LAWS(ORI)-1962-1-6

BENUDHAR SAHU AND ANR. Vs. THE STATE

Decided On January 05, 1962
Benudhar Sahu And Anr. Appellant
V/S
THE STATE Respondents

JUDGEMENT

(1.) THIS is a revision against the judgment of the Sub -divisional Magistrate, Kamakshyanagar, convicting the Petitioners under Section 7 of the Untouchability (Offences) Act, 1955, and sentencing them to pay a fine of Rs. 25/ - each. The allegations against them, which have been believed by the lower court were that when two pano boys named Ramesh Patra (P.W. 4) and Bilas Patra (P.W. 5) of village Sriseshapur went to draw water from a well in that village they were prevented by the Petitioners. It was further alleged that when a Teacher of the local School named Gobind Chandra Mullik (P.W. 1) took up the cause of the two boys and accompanied them to the well again, the Petitioners abused him saying that as the boys were Panos they could not draw water from the well. An information was in due course lodged at the Police Station on the basis of which charge sheet was submitted.

(2.) THE Petitioners stated that the well belonged to Petitioner Benudhar Sahu and that when the two Pano boys went to draw water from the well they had with them very dirty pitchers which he did not allow them to use for that purpose.

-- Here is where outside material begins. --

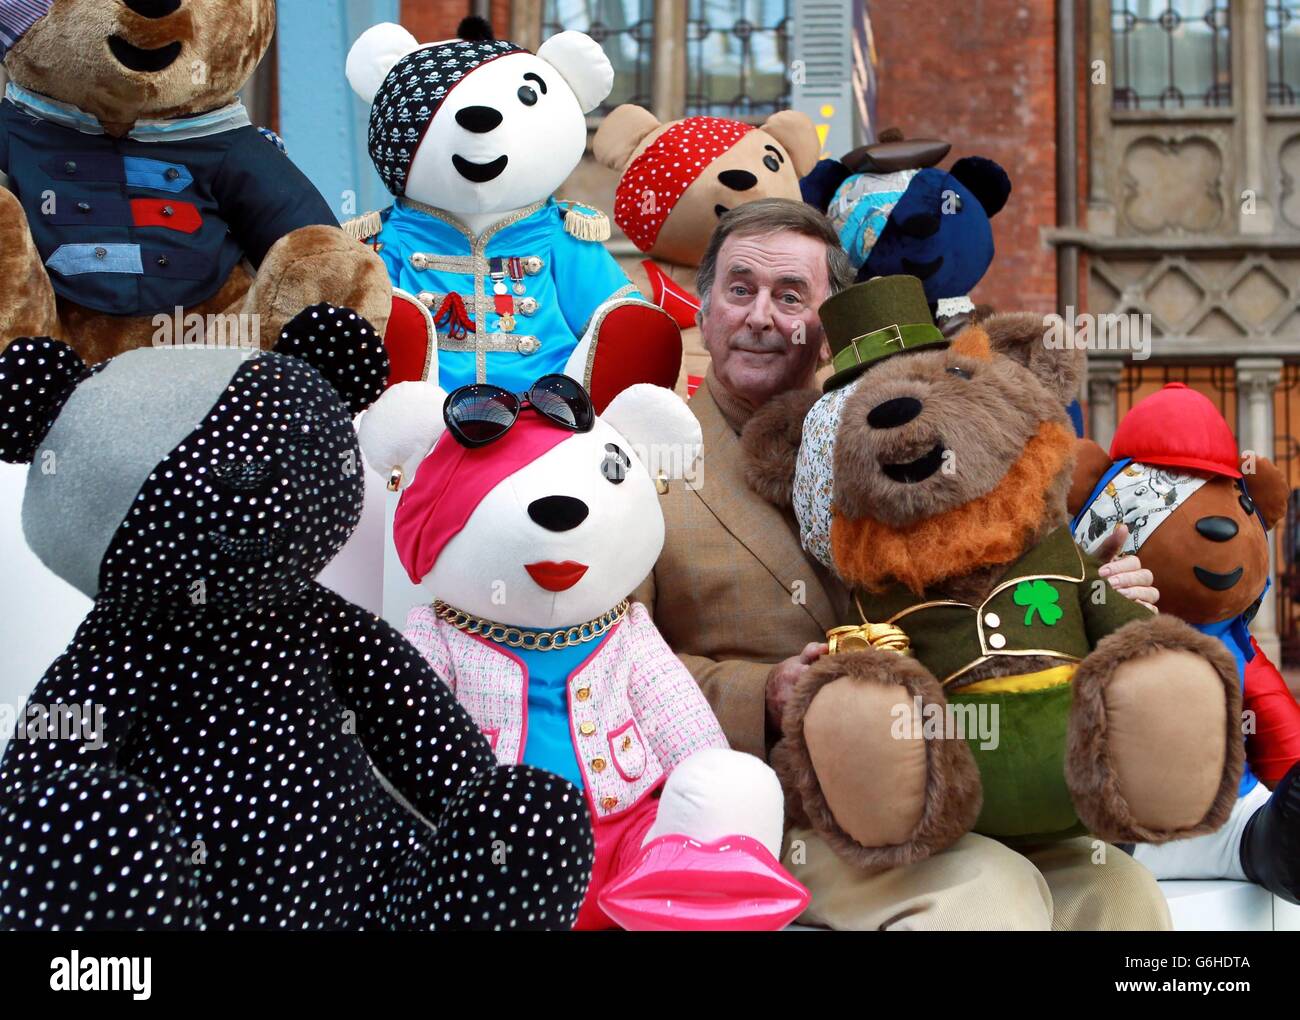 Terry Wogan présente la collection d'ours Pudsey conçus par des célébrités à la gare internationale de St Pancras. Les ours doivent être mis aux enchères pour aider les enfants dans le besoin. Banque D'Images
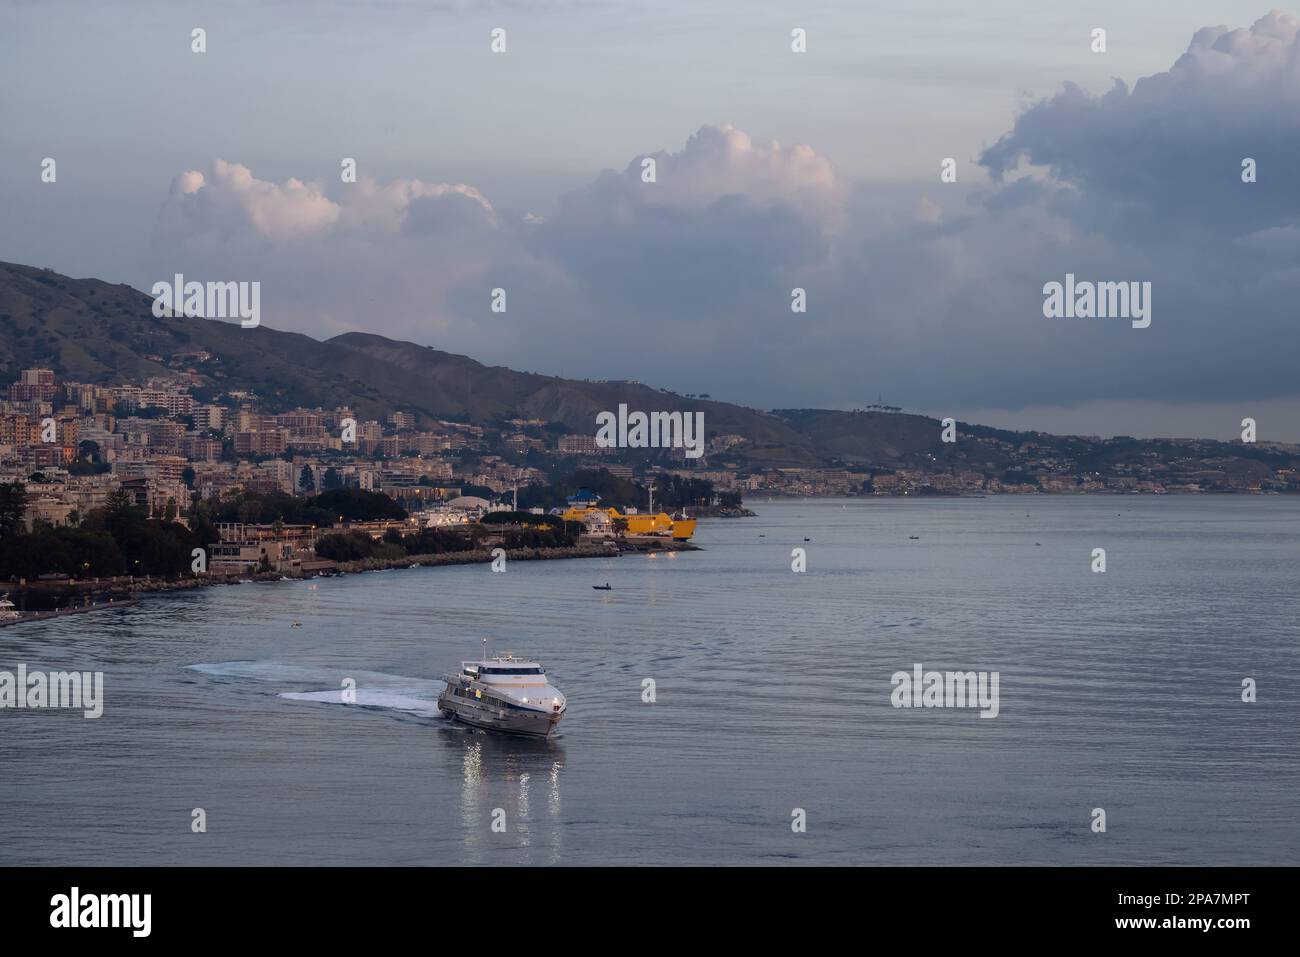 Hafen in einer touristischen Stadt Messina, Sizilien, Italien. Stockfoto

He further stated that he himself volunteered to get a bucket and rope for the boys to draw water, but by that time the boys had left the place.

(3.) AS the main offence dealt with the prohibition of the two boys from drawing water from the well in question, the appropriate penal section was Section 4(iv) of the aforesaid Act and not Section 7 which is a residuary section. The allegation about the Petitioners abusing the boys on the ground that they were Pano was ancillary to the main offence of preventing them from drawing water from the well. But a scrutiny of Section 4(iv) of the Act shows that the practice of untouchability which is made penal is to the practice of preventing the use of or access to a well or any other watering place to which a person has a right of use or access. A private well of an owner will obviously not come within the scope of this clause, and it is open to the owner to regulate the use of his well by co -villagers, and merely because he was permitting other people in the village to draw water from his well, it cannot be said that every villager had a right of access to or right to use the well. The prosecution must affirmatively establish that the public had a right of access to or use of the well in question before the offence can be said to have been established. On this crucial question there is practically no evidence on the side of the prosecution. On the other hand, several prosecution witnesses admitted, in cross examination, that Petitioner Benudhar dug the well and the defence witnesses have further stated that the well belonged to Benudhar and that though he was allowing some of the villagers to draw water from it that was done with his permission. Hence no offence under Section 4(iv) of the Untouchability (Offence) Act can be said to have been made out in the circumstances of this case.